Can you print the data exactly and leave out each image?

§ Data:
........

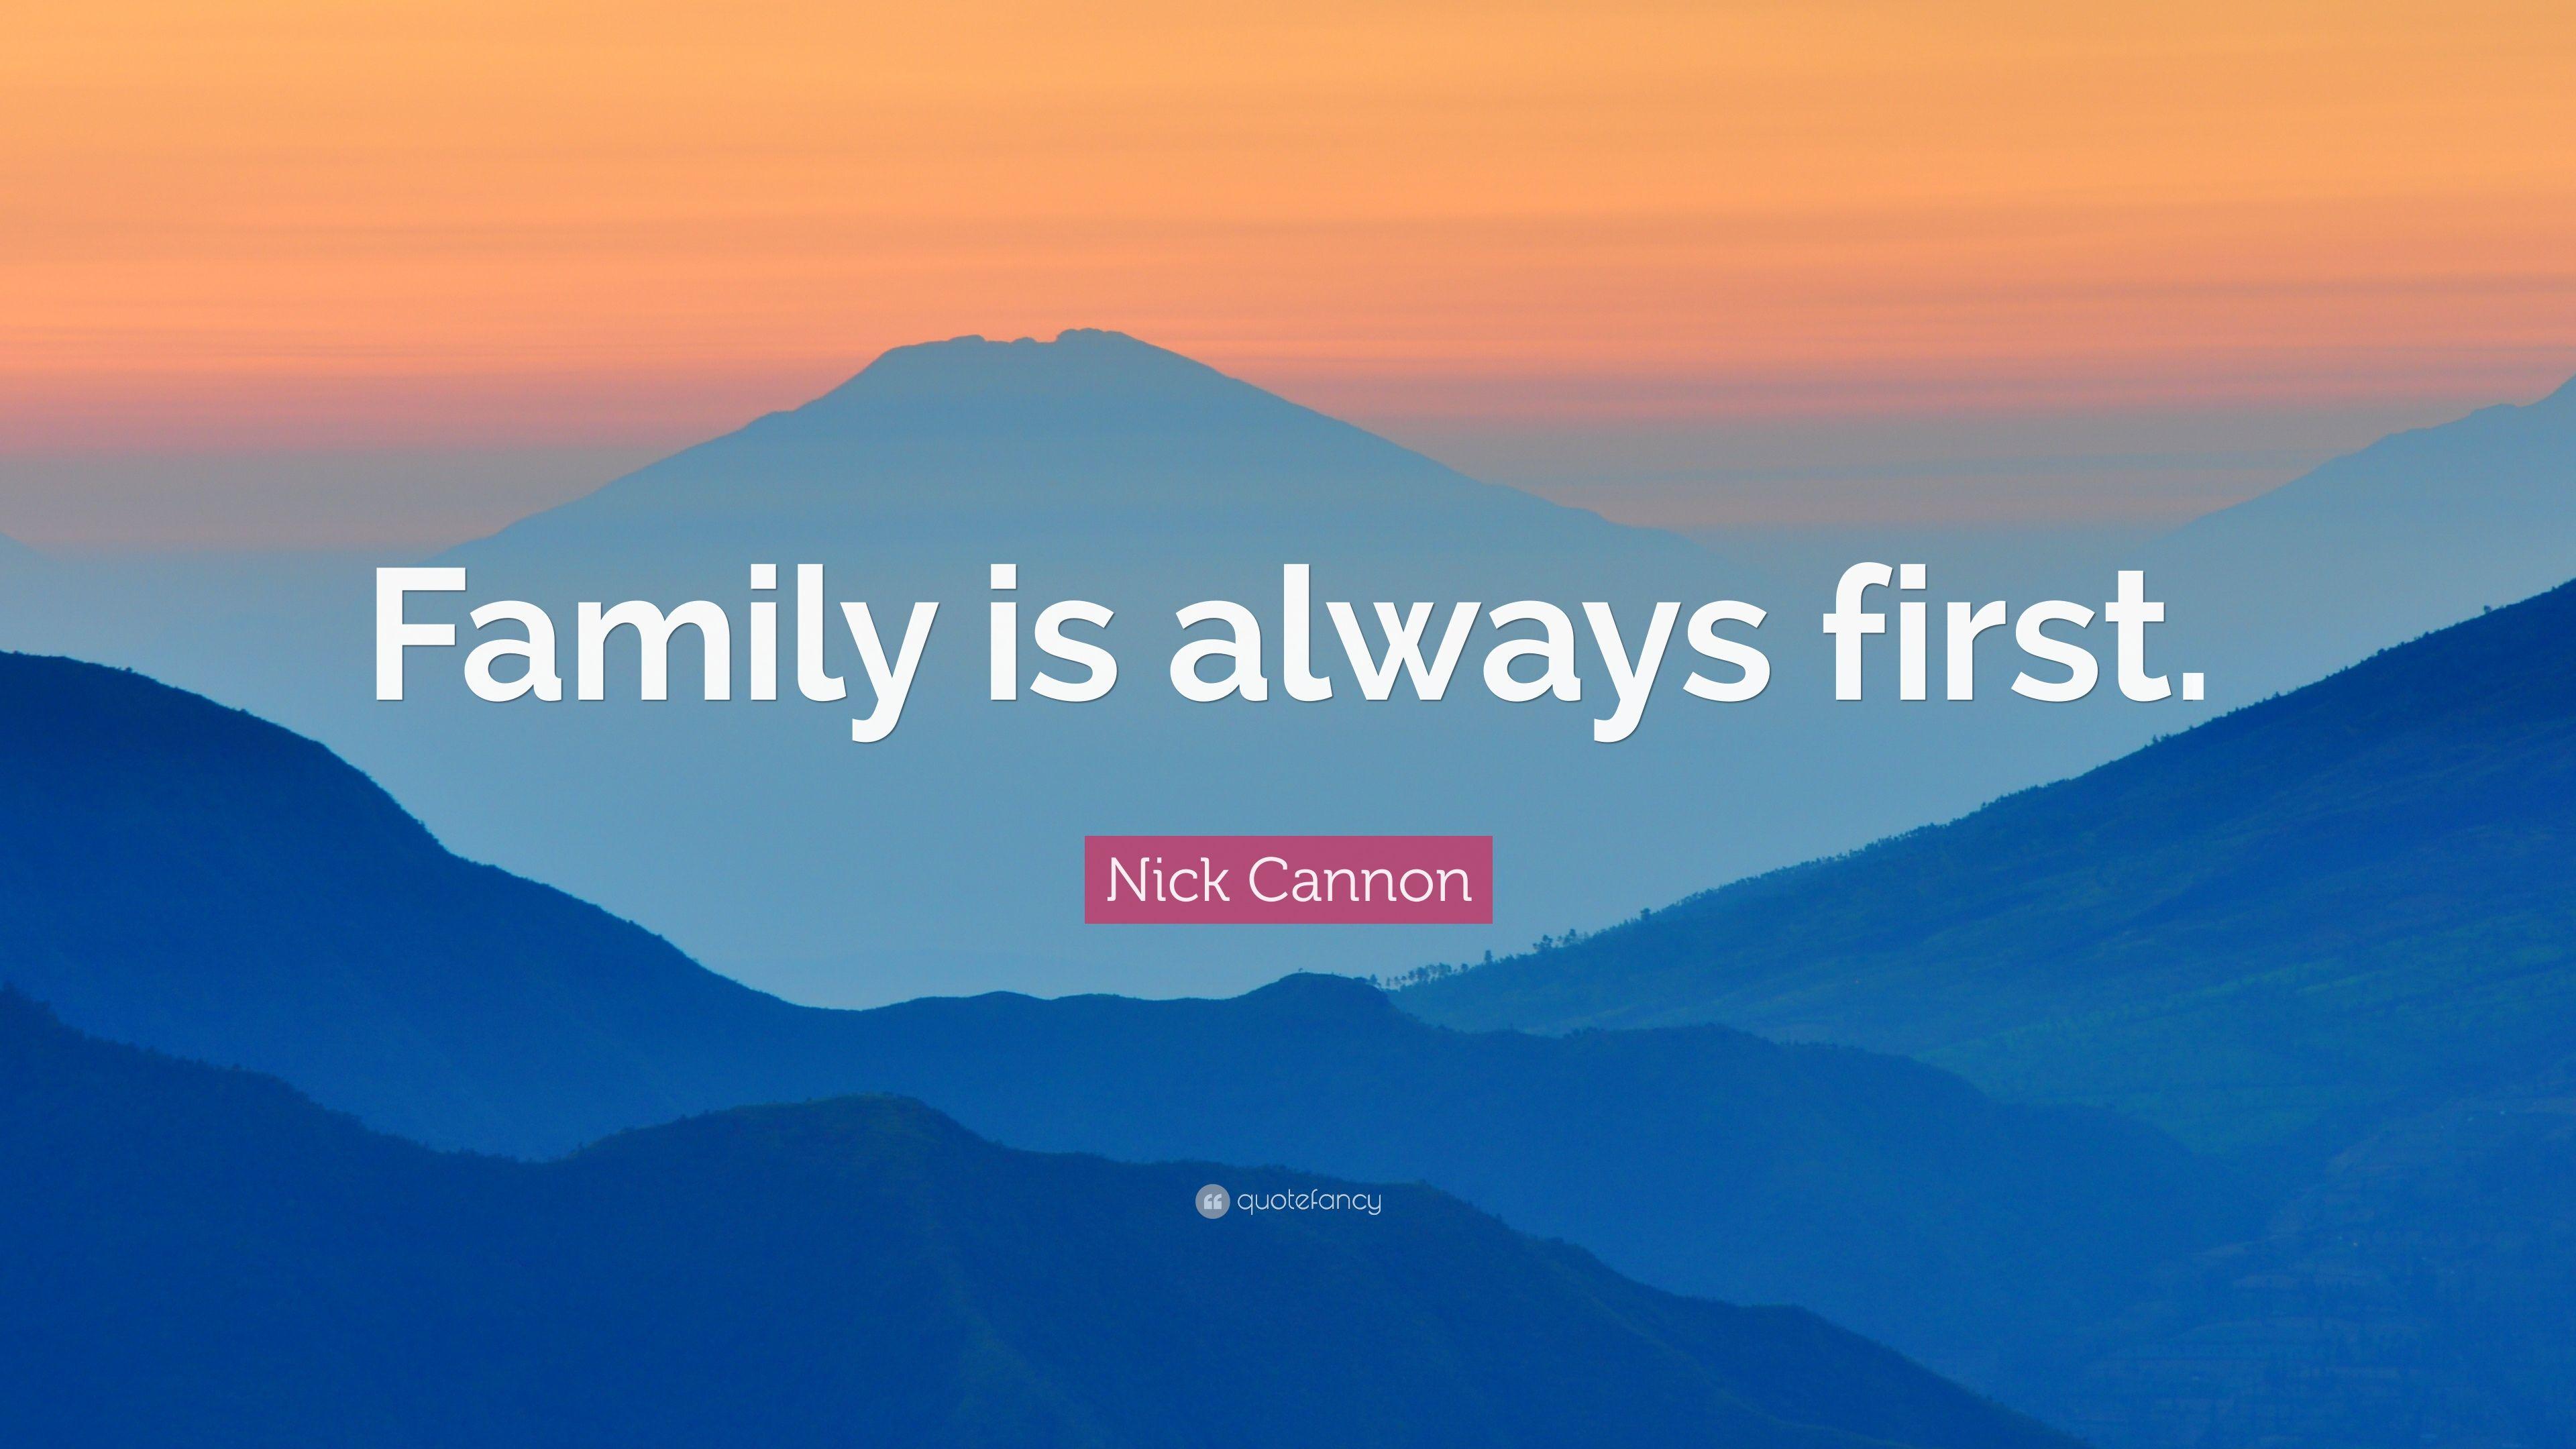 Nick Cannon Quote: “Family is always first.” (7 wallpaper)
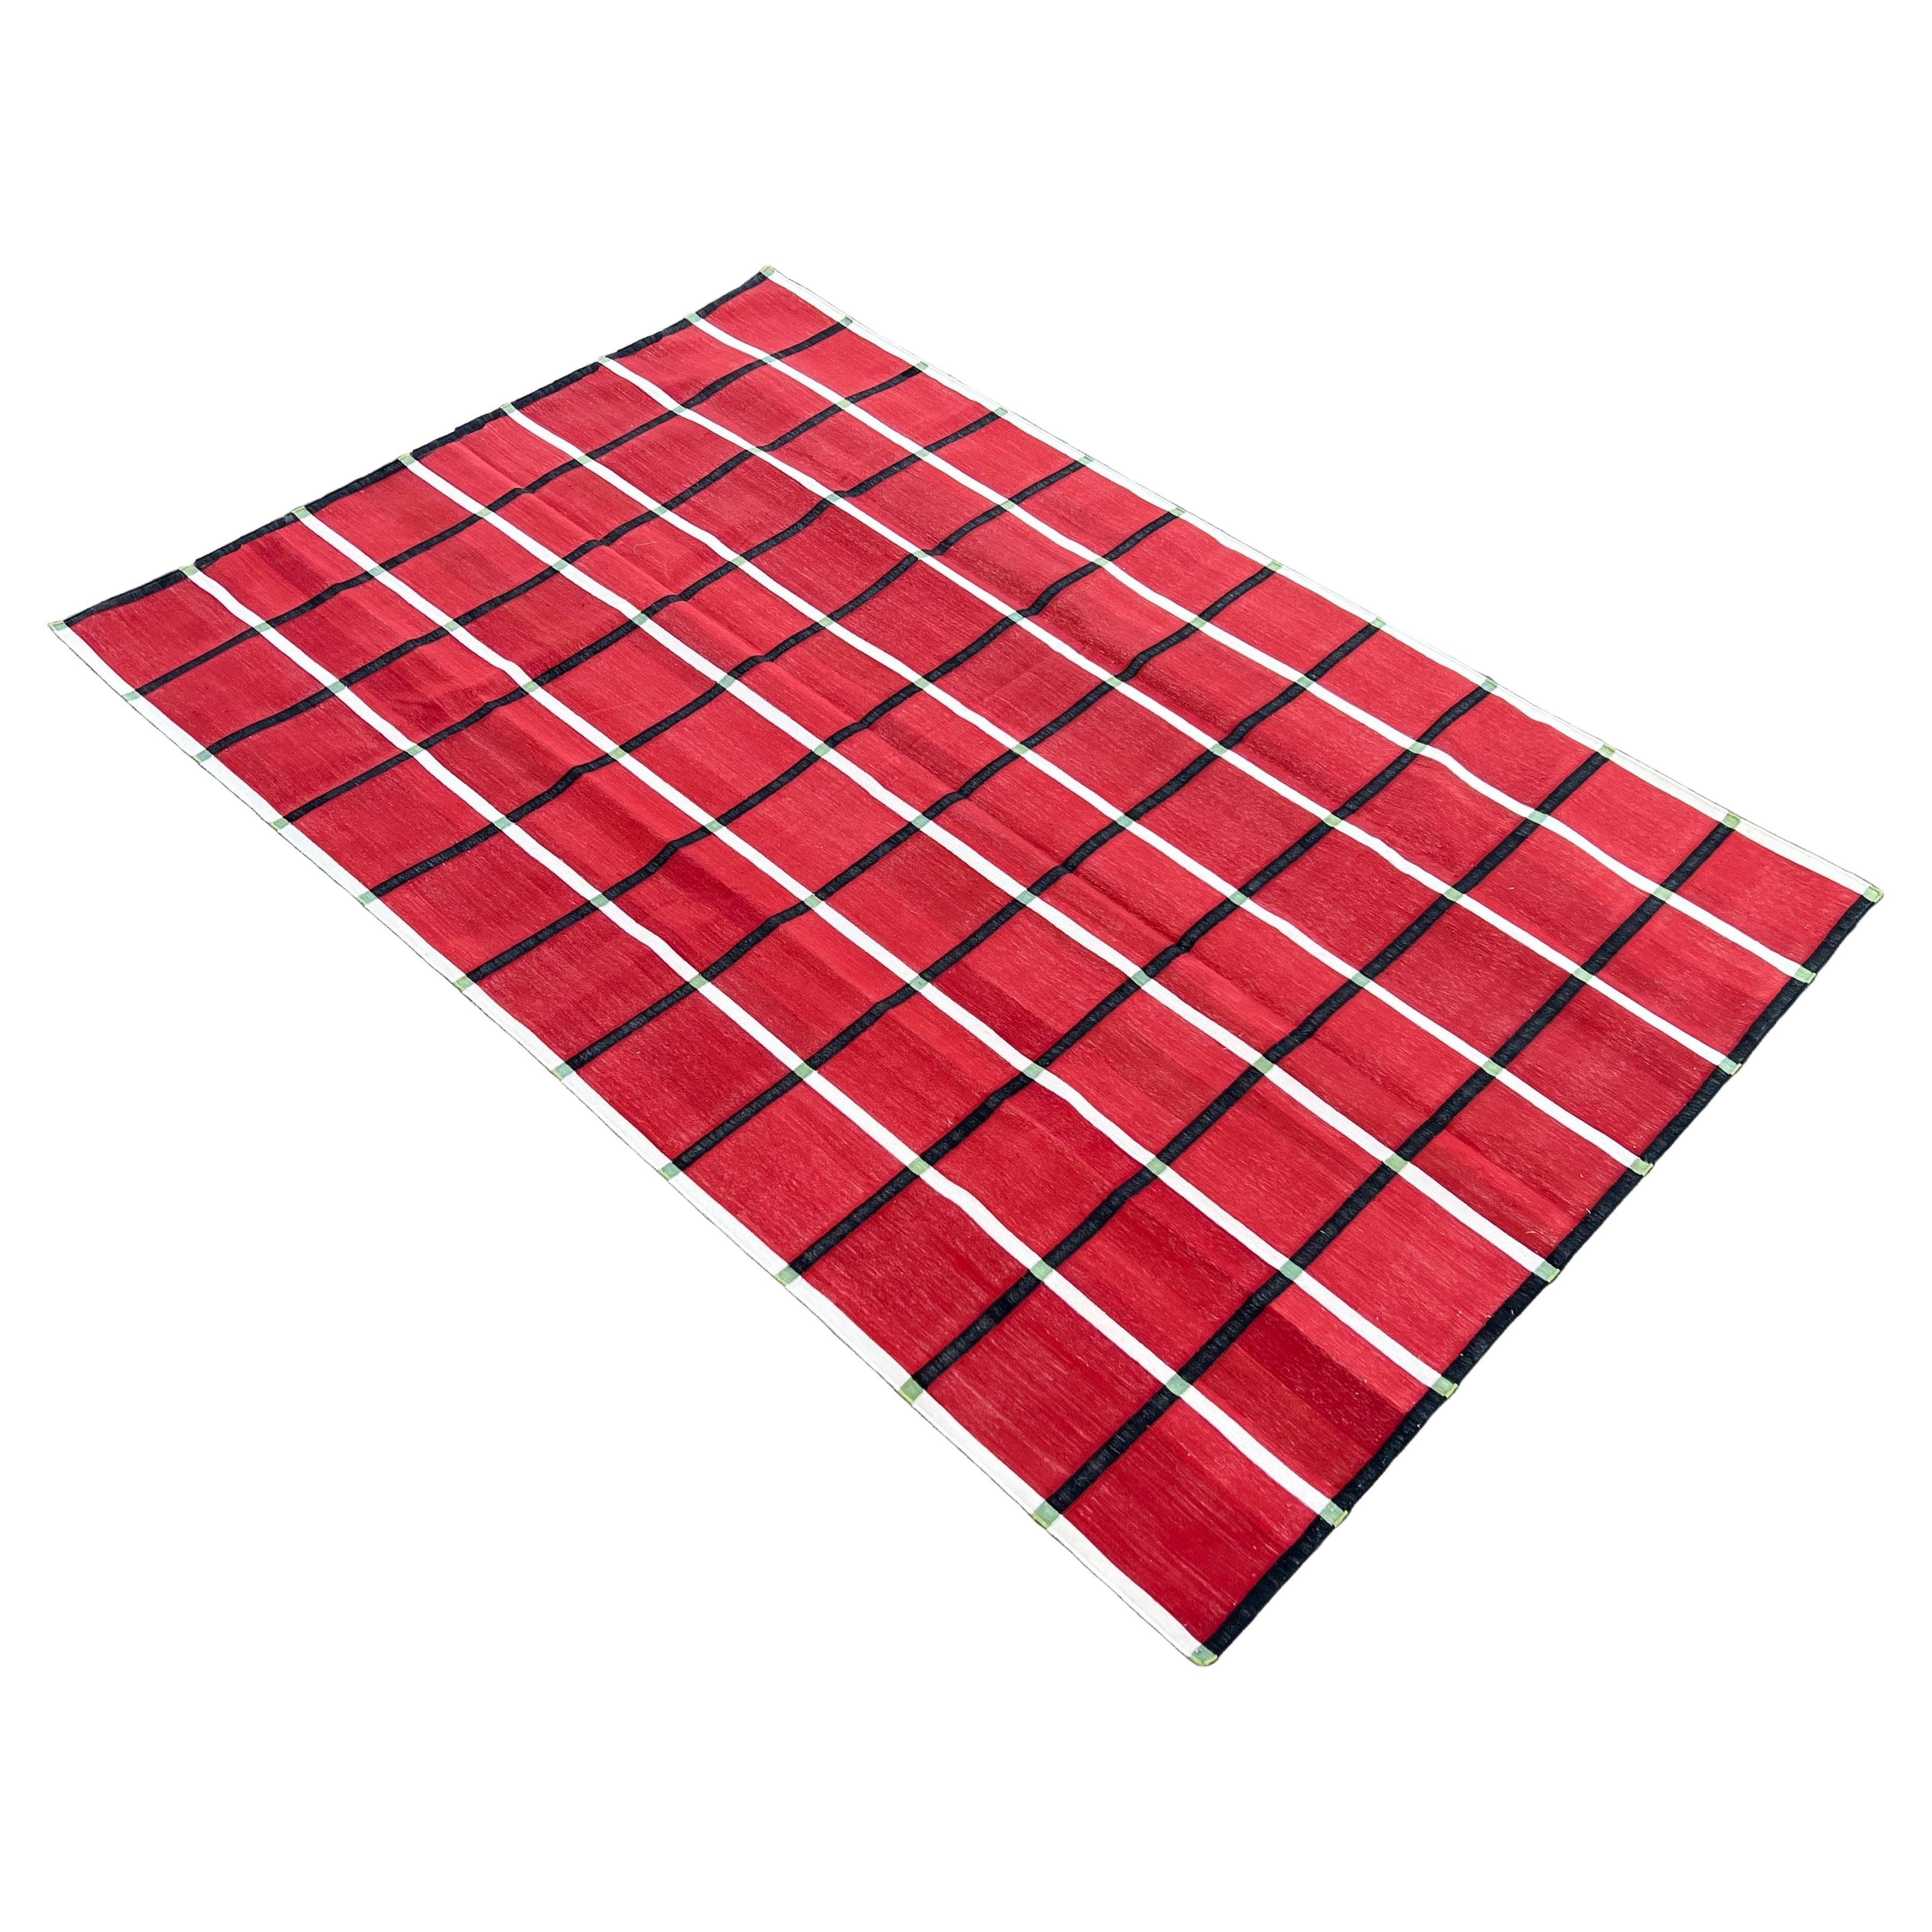 Handmade Cotton Area Flat Weave Rug, Red & Black Windowpane Check Indian Dhurrie For Sale
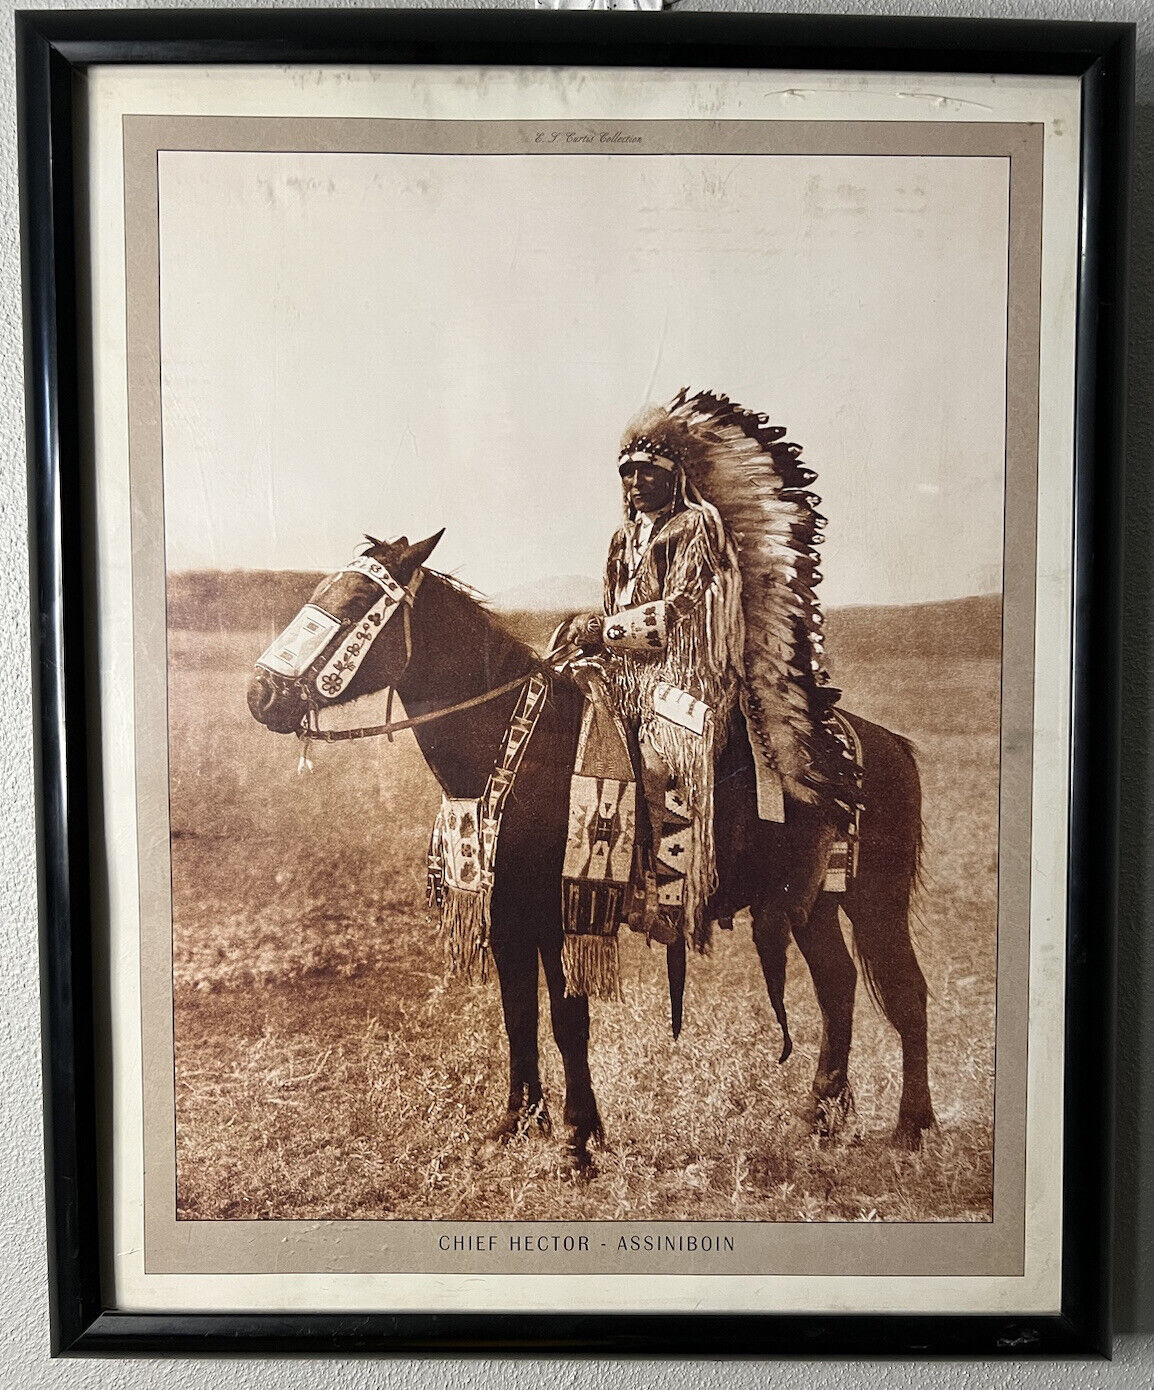 Chief Hector Assiniboin 1908 Native American Indian Reprint 16X20 Edward Curtis

........

§ Output:
 Nick Cannon Quote: “Family is always first.” (7 wallpaper)
 Handmade Cotton Area Flat Weave Rug, Red & Black Windowpane Check Indian Dhurrie For Sale
 Chief Hector Assiniboin 1908 Native American Indian Reprint 16X20 Edward Curtis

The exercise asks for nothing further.